I have two files file1.csv
and file2.csv
. file1.csv
contains a stupid
sentence in each row. file2.csv
identify which column it is (type0
corresponding to 0
, type1
corresponding to 1
). I want to do a NLP classification task and I know usually how to do it. But in this situation I am bit confused and do not know how to arrange and organize my dataset, so that I can train my sentences and labels. Appreciate if someone give me a hint to progress.
file1.csv
in the following format,
id,type0,type1
0,He married to a dinosaur.,He married to a women.
1,She drinks a beer.,She drinks a banana.

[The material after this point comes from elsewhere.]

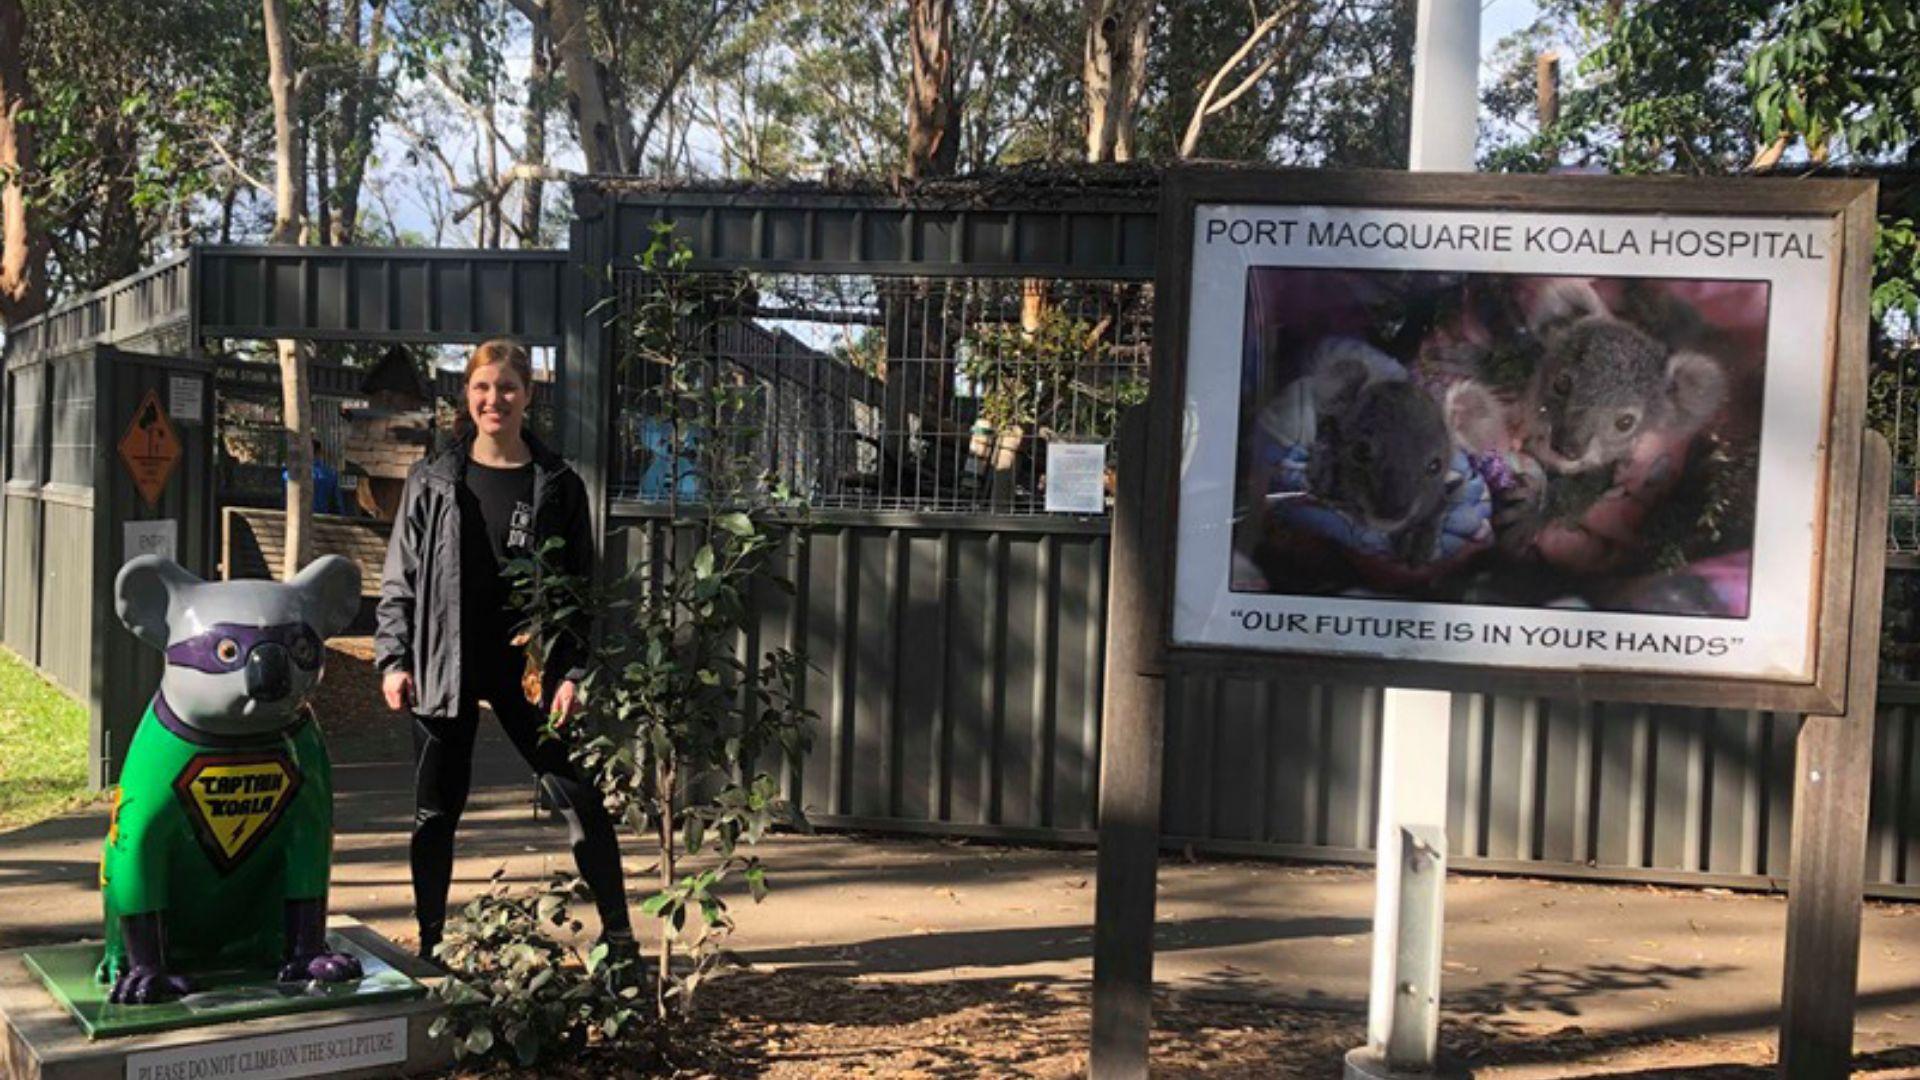 Students' ideas help Koala Hospital in Port Macquarie

2,He lifted a 500 tons.,He lifted a 50kg.
file2.csv
in the following format.
id,stupid
0,0
1,1
2,0
My purpose is to classify the stupid sentences.
Assuming that, 100% of the time, there will be a sentence that is semantically correct, and another that isn't, you can just split the type0
and type1
sentences into 2 different examples and classify them individually, e.g.:
id,type0,type1
0,He married to a dinosaur.,He married to a women.

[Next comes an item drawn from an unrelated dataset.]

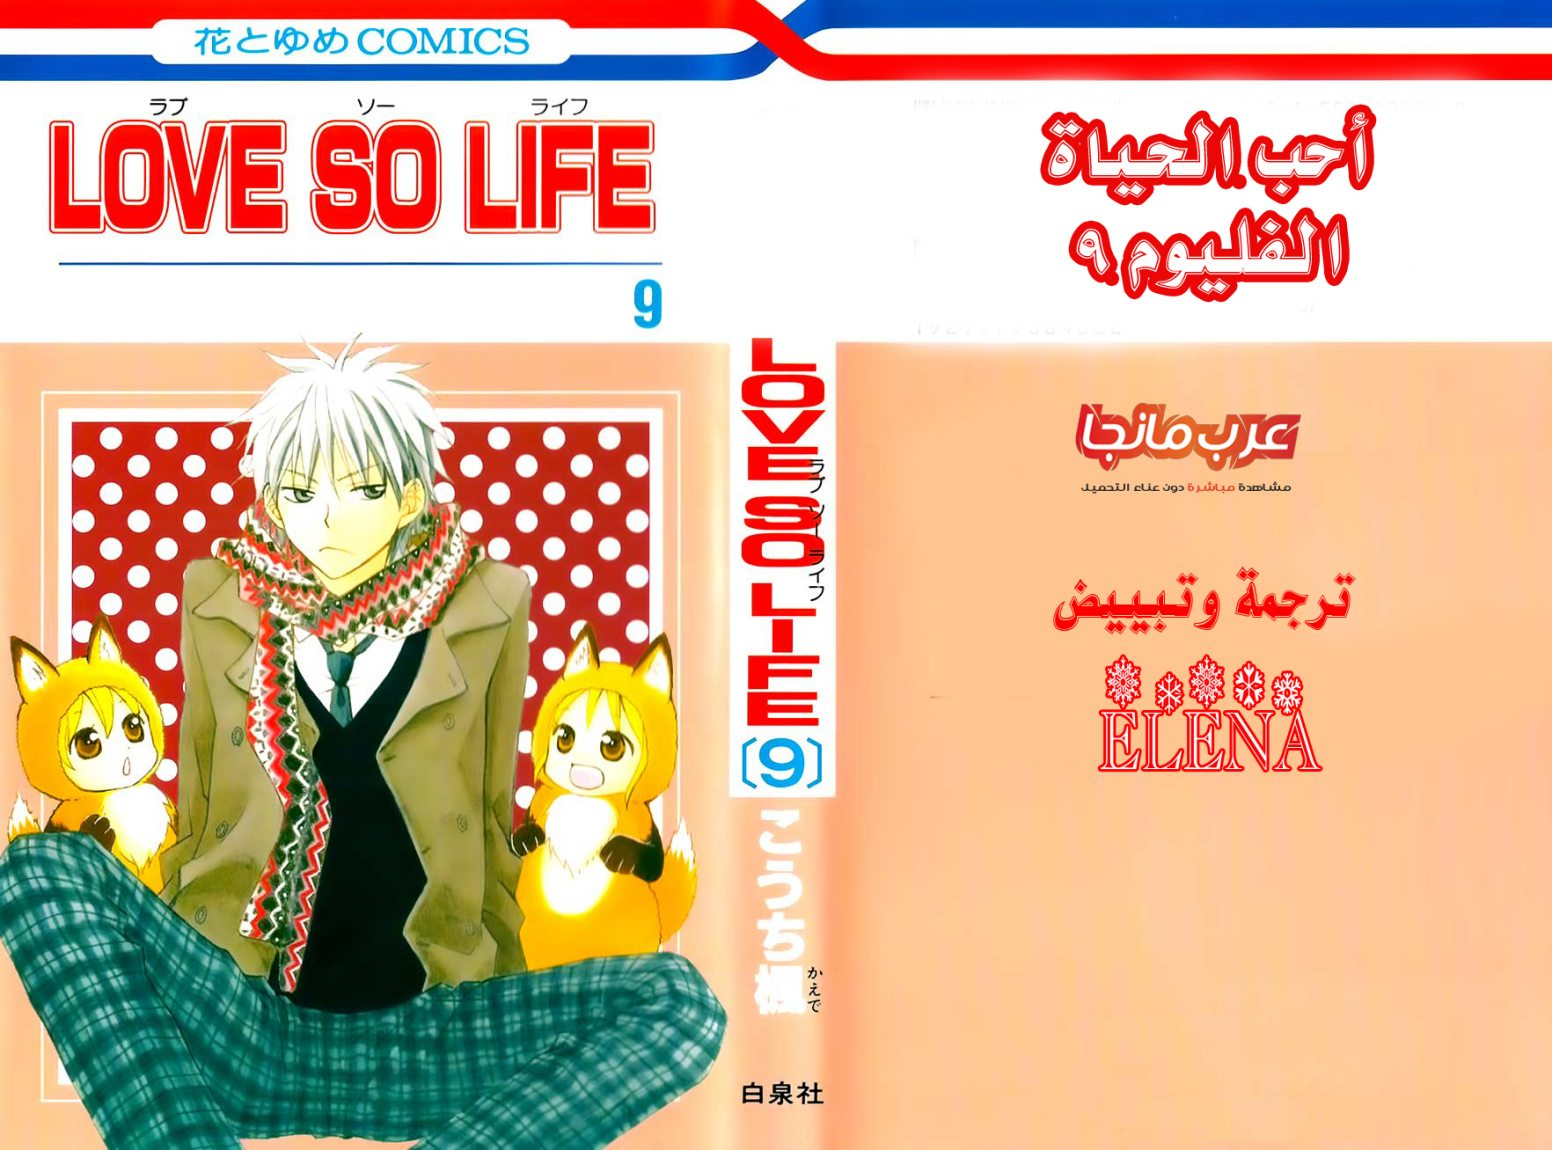 miley_cyrus_manga_manga_mexat_Love_So_Life_00000000000000000000000000000000001

1,She drinks a beer.,She drinks a banana.
2,He lifted a 500 tons.,He lifted a 50kg.
Becomes:
id,sentence
0,He married to a dinosaur
1,He married to a women.
2,She drinks a beer.
3,She drinks a banana.
4,He lifted a 500 tons.
5,He lifted a 50kg.
However, this won't work if your data contains records where a sentence is slightly less stupid than the other, i.e. there's the actual need to compare both sentences.